● Information provided:
——————
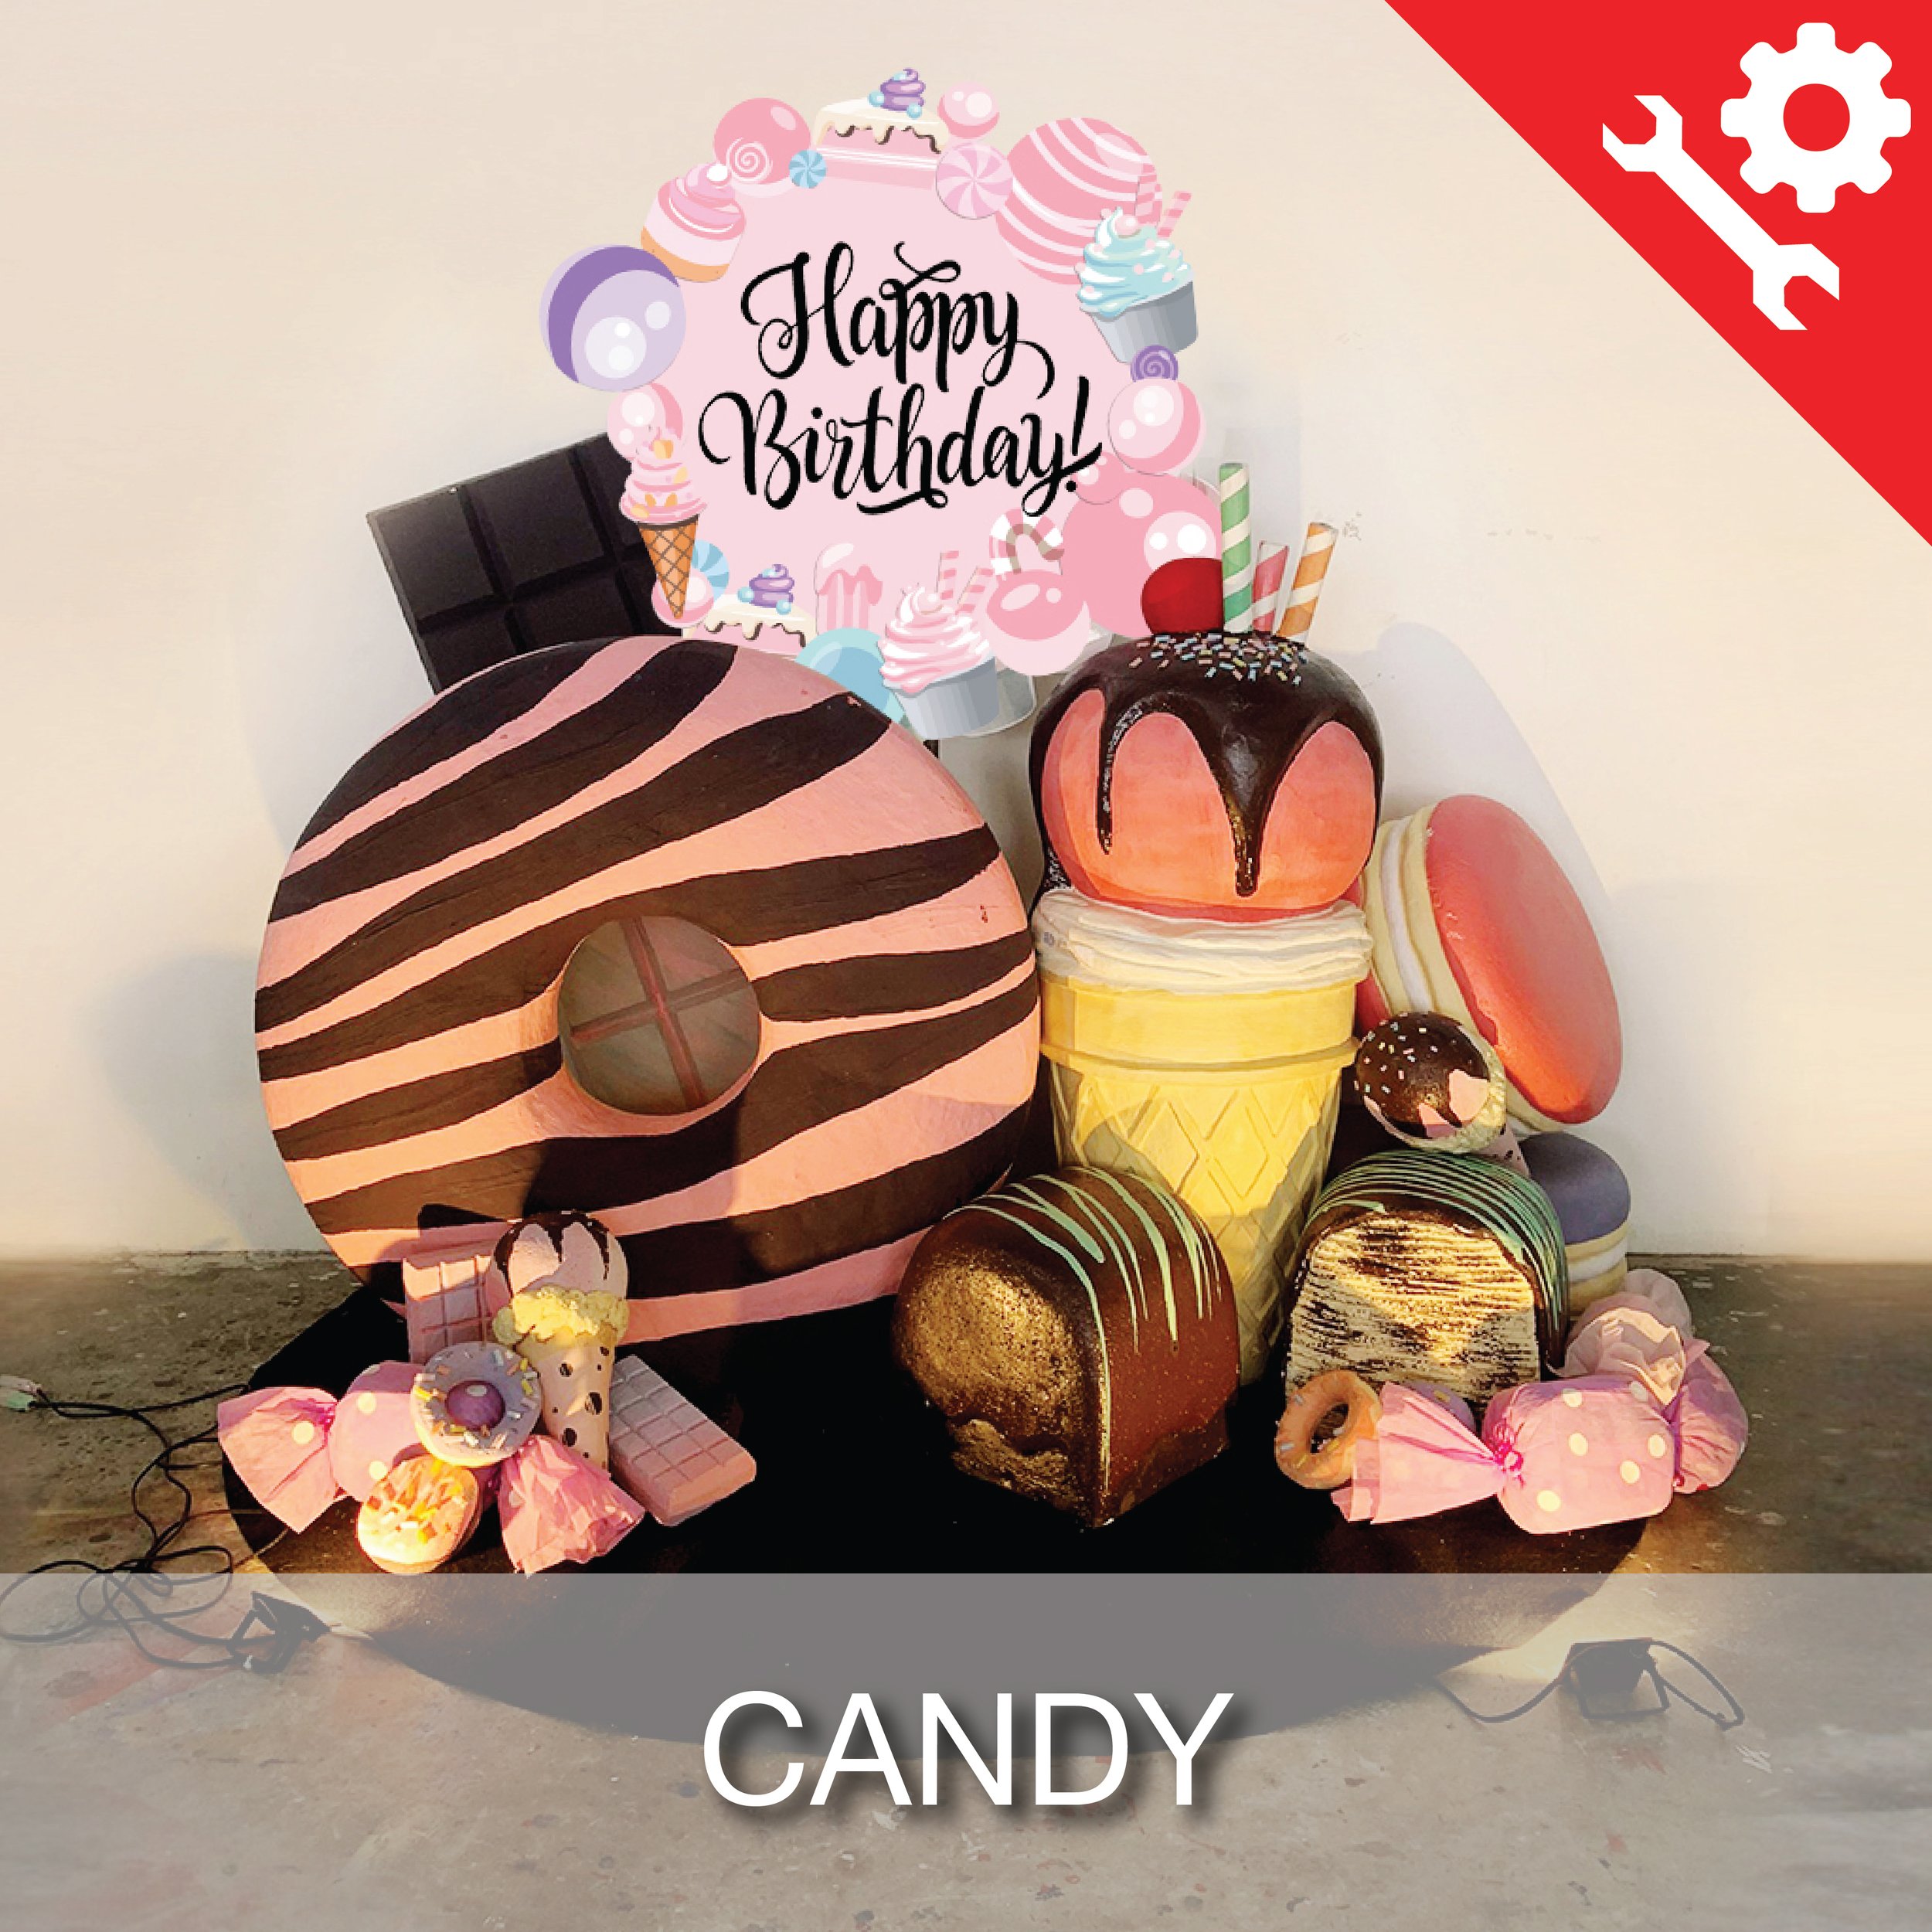 Cover_Manual-Candy-01.jpg
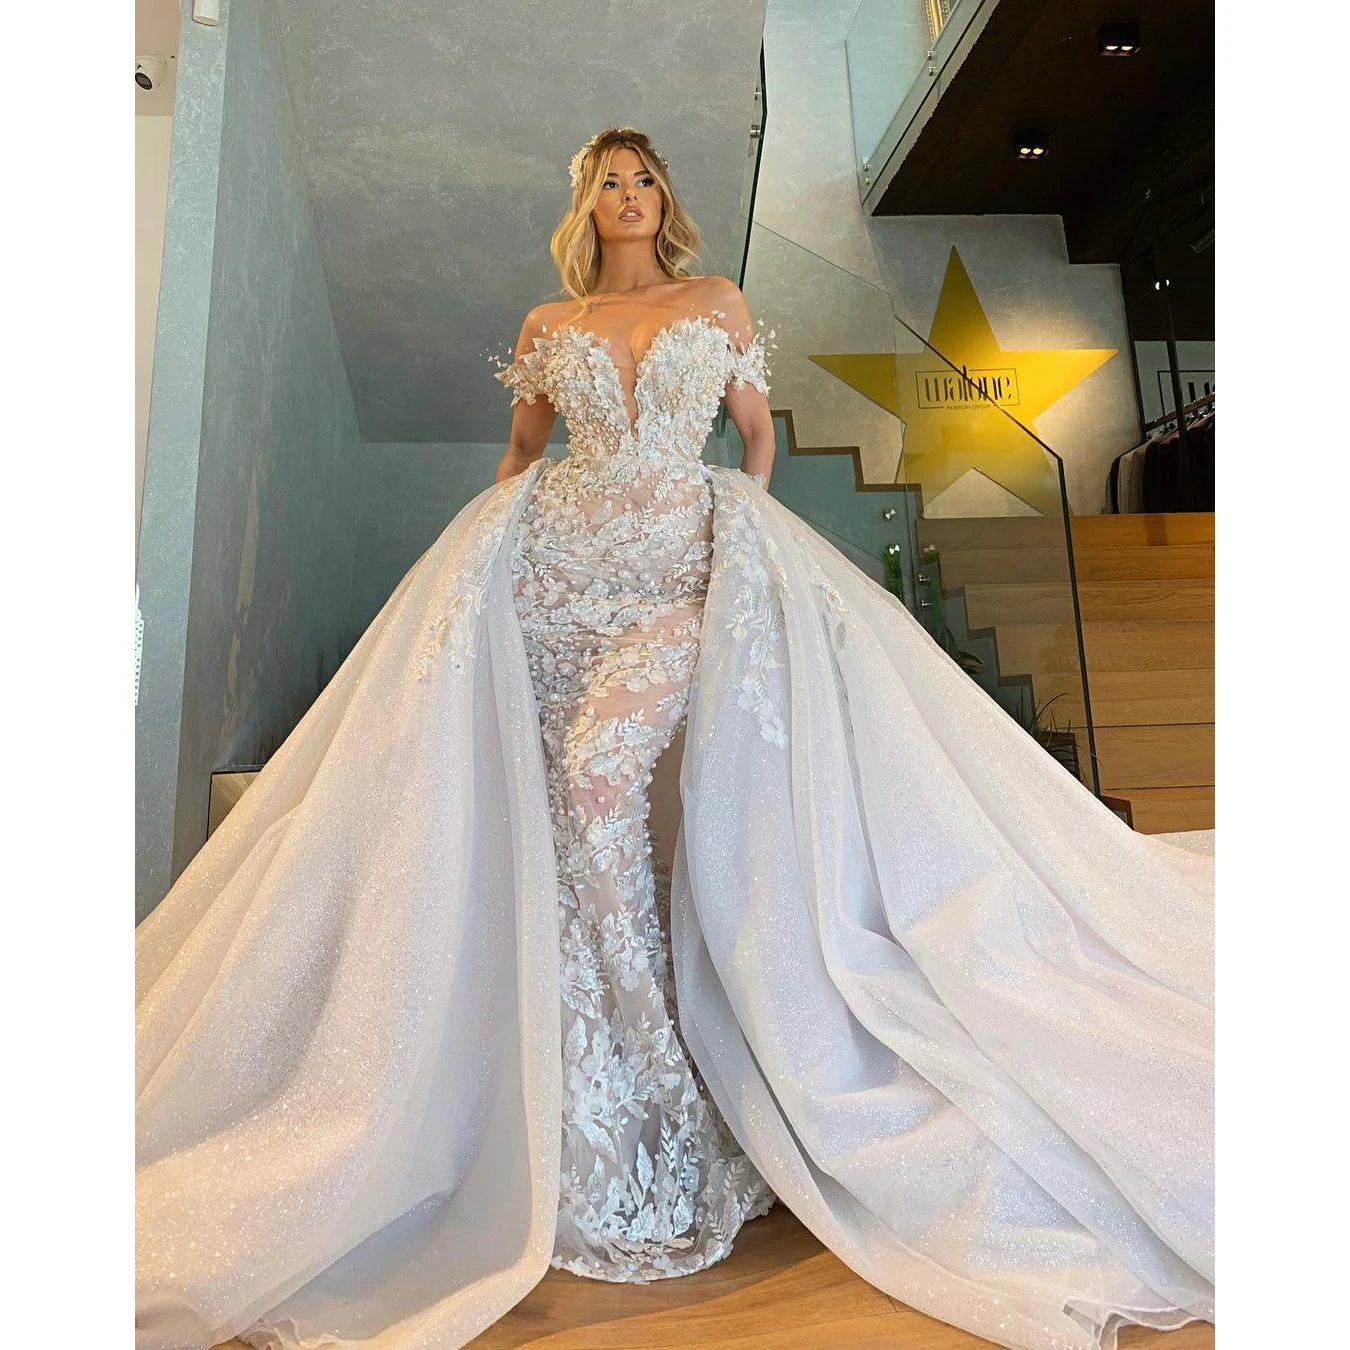 Charming Elgant Mermaid Wedding Dresses Off The Shoulder Beaded Appliques Long Train Women Party Gowns Plus Size Custom Made
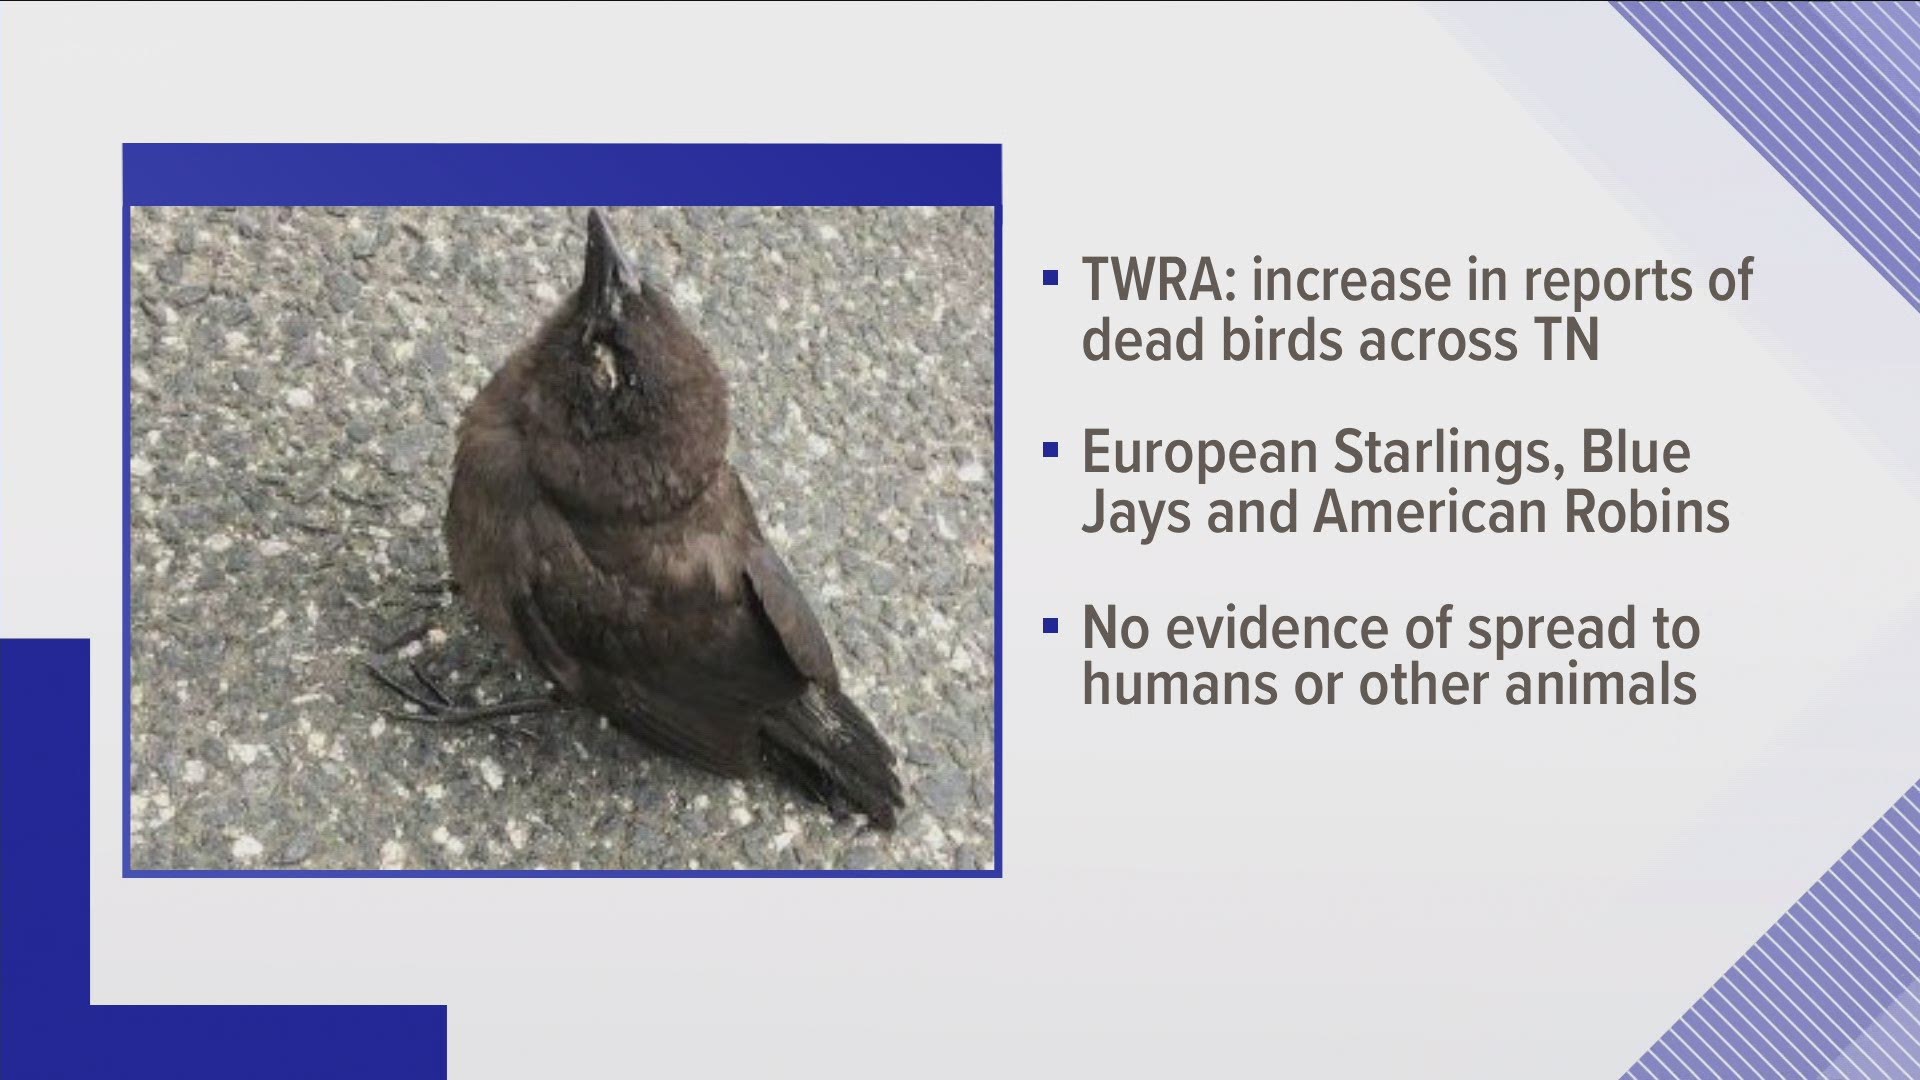 The disease causes eye swelling and crusty discharge from the eyes of birds and may also be associated with neurological symptoms, according to TWRA.
——————
● Task instructions:
Print, exactly as written, the lines from the one containing "Charming Elgant Mermaid" to the end of the material, both ends included, and nothing else; no pictures.

● Exercise result:
 Charming Elgant Mermaid Wedding Dresses Off The Shoulder Beaded Appliques Long Train Women Party Gowns Plus Size Custom Made
 The disease causes eye swelling and crusty discharge from the eyes of birds and may also be associated with neurological symptoms, according to TWRA.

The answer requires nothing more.